**Your instructions:**
Please retype the material beneath this task exactly, starting with its first line and finishing with the line containing "925er Sterling Silber".

**Data extract:**

————

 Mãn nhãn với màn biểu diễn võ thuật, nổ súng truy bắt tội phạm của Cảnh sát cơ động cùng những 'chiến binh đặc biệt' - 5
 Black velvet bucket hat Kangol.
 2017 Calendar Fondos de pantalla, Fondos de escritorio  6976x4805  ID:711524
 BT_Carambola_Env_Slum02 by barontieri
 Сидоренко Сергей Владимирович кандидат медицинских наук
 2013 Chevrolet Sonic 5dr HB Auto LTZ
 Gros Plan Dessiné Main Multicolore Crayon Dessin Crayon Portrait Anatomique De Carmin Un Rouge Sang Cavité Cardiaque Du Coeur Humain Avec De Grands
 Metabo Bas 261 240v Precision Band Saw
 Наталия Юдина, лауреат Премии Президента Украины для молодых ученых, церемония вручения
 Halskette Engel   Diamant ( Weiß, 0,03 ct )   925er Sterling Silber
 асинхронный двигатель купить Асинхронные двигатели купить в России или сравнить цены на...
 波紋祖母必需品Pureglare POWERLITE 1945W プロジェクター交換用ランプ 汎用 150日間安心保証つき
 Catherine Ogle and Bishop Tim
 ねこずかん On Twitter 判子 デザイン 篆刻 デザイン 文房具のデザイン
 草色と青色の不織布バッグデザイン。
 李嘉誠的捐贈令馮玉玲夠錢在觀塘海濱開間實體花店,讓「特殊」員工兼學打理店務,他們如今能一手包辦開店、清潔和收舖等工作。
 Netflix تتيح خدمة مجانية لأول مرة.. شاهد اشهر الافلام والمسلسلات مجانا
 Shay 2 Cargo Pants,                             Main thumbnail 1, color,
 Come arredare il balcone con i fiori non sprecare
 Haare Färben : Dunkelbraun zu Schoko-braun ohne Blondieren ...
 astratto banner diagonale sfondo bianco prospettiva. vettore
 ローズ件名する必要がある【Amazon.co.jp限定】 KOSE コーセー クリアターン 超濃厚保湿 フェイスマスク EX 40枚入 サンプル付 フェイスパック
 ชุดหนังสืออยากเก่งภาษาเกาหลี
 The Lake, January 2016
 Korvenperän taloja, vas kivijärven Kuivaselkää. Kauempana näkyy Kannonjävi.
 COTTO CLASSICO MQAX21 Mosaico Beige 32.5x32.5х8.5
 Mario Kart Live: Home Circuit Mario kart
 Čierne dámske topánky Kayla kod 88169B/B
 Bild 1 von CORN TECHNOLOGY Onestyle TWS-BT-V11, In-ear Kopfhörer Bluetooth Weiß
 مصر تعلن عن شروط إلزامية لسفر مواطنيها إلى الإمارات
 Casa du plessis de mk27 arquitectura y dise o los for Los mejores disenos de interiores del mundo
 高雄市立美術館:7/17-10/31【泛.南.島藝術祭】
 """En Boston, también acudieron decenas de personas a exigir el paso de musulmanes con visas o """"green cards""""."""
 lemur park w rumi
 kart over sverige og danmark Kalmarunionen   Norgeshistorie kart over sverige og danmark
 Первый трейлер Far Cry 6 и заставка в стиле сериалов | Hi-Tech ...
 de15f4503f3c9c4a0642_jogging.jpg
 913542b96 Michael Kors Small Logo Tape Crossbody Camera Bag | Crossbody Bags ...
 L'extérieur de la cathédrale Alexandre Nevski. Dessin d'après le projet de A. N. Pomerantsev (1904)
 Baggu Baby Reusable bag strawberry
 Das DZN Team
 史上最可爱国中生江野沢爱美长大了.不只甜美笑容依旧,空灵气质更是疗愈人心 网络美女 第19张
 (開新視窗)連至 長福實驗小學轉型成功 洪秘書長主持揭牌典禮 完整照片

————

**Written response:**
 Mãn nhãn với màn biểu diễn võ thuật, nổ súng truy bắt tội phạm của Cảnh sát cơ động cùng những 'chiến binh đặc biệt' - 5
 Black velvet bucket hat Kangol.
 2017 Calendar Fondos de pantalla, Fondos de escritorio  6976x4805  ID:711524
 BT_Carambola_Env_Slum02 by barontieri
 Сидоренко Сергей Владимирович кандидат медицинских наук
 2013 Chevrolet Sonic 5dr HB Auto LTZ
 Gros Plan Dessiné Main Multicolore Crayon Dessin Crayon Portrait Anatomique De Carmin Un Rouge Sang Cavité Cardiaque Du Coeur Humain Avec De Grands
 Metabo Bas 261 240v Precision Band Saw
 Наталия Юдина, лауреат Премии Президента Украины для молодых ученых, церемония вручения
 Halskette Engel   Diamant ( Weiß, 0,03 ct )   925er Sterling Silber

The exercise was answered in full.